9. A prioritized bandwidth management method for a switch fabric comprising a plurality of transmitting source nodes each having not less than two output queues by the priority on a destination-by-destination basis, a switch for evenly distributing data units delivered from the plurality of the transmitting source nodes on the destination-by-destination basis, and a plurality of destination nodes for receiving the data units from the switch, wherein changeover between enabling and disabling of prioritized bandwidth management is executed only on the basis of information on an available capacity of a receive-buffer of a switching device positioned in a stage closest to the respective transmitting source nodes.
10. A prioritized bandwidth management method for a switch fabric comprising a plurality of transmitting source nodes each having not less than two output queues by the priority on a destination-by-destination basis, a switch for evenly distributing data units delivered from the plurality of the transmitting source nodes on the destination-by-destination basis, and a plurality of destination nodes for receiving the data units from the switch,
wherein in the case where prioritized bandwidth management is enabled, a switch rate of high priority data is enhanced above that of low priority data, and
wherein in the case where the prioritized bandwidth management is disabled, a given switch rate of data is maintained regardless of priority.
11. A prioritized bandwidth management method for a switch fabric comprising a plurality of transmitting source nodes each having not less than two output queues by the priority on a destination-by-destination basis, a switch for evenly distributing data units delivered from the plurality of the transmitting source nodes on the destination-by-destination basis, and a plurality of destination nodes for receiving the data units from the switch,
wherein in the case where prioritized bandwidth management is enabled, switching delay of high priority data is rendered smaller than that of low priority data, and
wherein in the case where the prioritized bandwidth management is disabled, a given switching delay of data is maintained regardless of priority.
Description
CLAIM OF PRIORITY

The present application claims priority from Japanese application JP 2006-350847 filed on Dec. 27, 2006, the content of which is hereby incorporated by reference into this application.

FIELD OF THE INVENTION

The invention relates to a switching technology for dynamically and mutually connecting plural functional blocks, existing in routers, servers, storage units and so forth, with each other, and in particular, to a technology for implementing prioritized bandwidth management on the basis of prioritized information added to data by utilizing plural switches that operate independently.

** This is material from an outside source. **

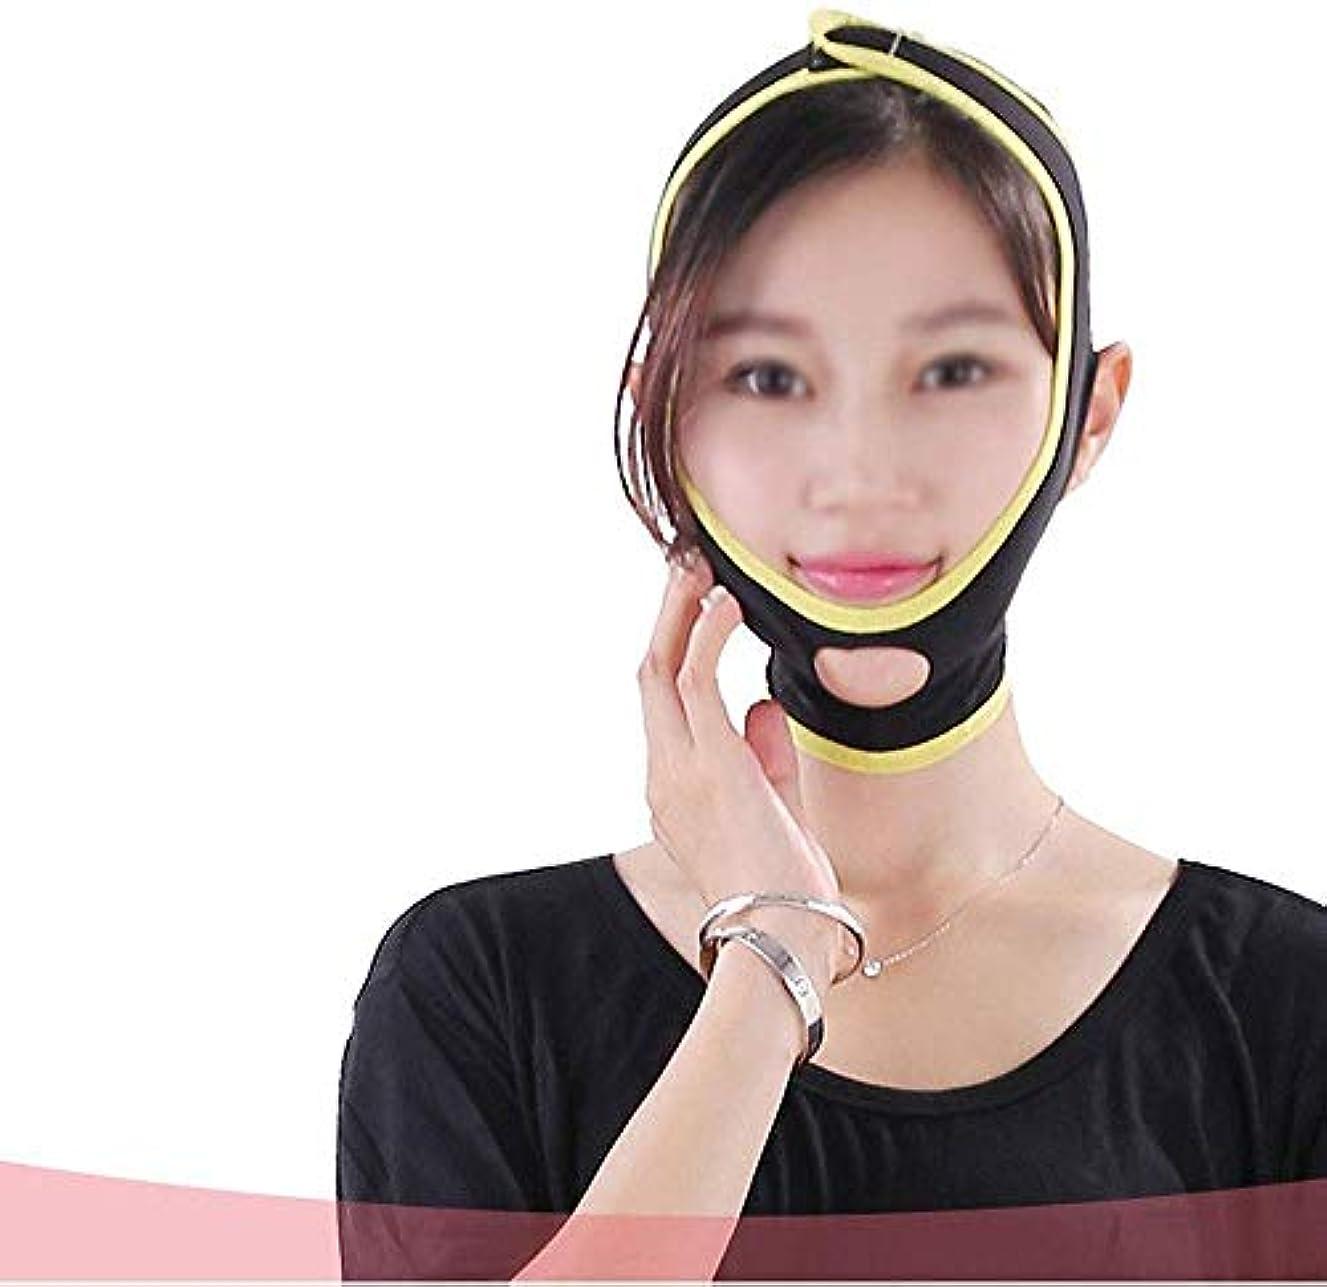 セールスマンベアリングサークル病弱スリミングVフェイスマスク、薄型フェイスバンデージ、通気性睡眠スモールVフェイスマスクリフト引き締め肌アーティファクトダブルチン顔の減量包帯(サイズ:M)

BACKGROUND OF THE INVENTION

With a network transfer unit such as a router, a server, a storage unit for connecting plural disk arrays with each other, and so forth, a switch fabric is utilized for executing data switch between functional blocks within respective units. Since there are limitations to a switching bandwidth of the switch fabric, it is desirous to implement data switch according to priority when plural input data units converge on the same destination. That is, it is desired that high priority data be switched at a low delay or a high throughput.

With the network transfer unit, generally called the router, and a switch, when data called a packet or a frame is received from a network, priority of the data, within the unit, is decided upon by making use of header information of the data, and information on priority within the unit is added to the data. For example, voice data, video data, data passing through a specific path, and so forth are given high priority while data other than those data units is given low priority. Then, priority management is achieved by changing how to handle relevant data in the switch fabric within the unit by making use of the information on priority, as added.

A method for priority management in the switch fabric can be generally classified into two methods as follows. A first one is a method whereby a transmitting source node is provided with a function for prioritized bandwidth management. With this method, if priority is low, output is inhibited unless a certain threshold condition is met even in a status where data can be transmitted to a switching device. That is, lower delay or higher throughput of high priority data can be implemented by providing data input to the switch fabric with restrictions on output on a priority-by-priority basis. JP-A No. 2002-247080 is cited as a specific example representing this technology.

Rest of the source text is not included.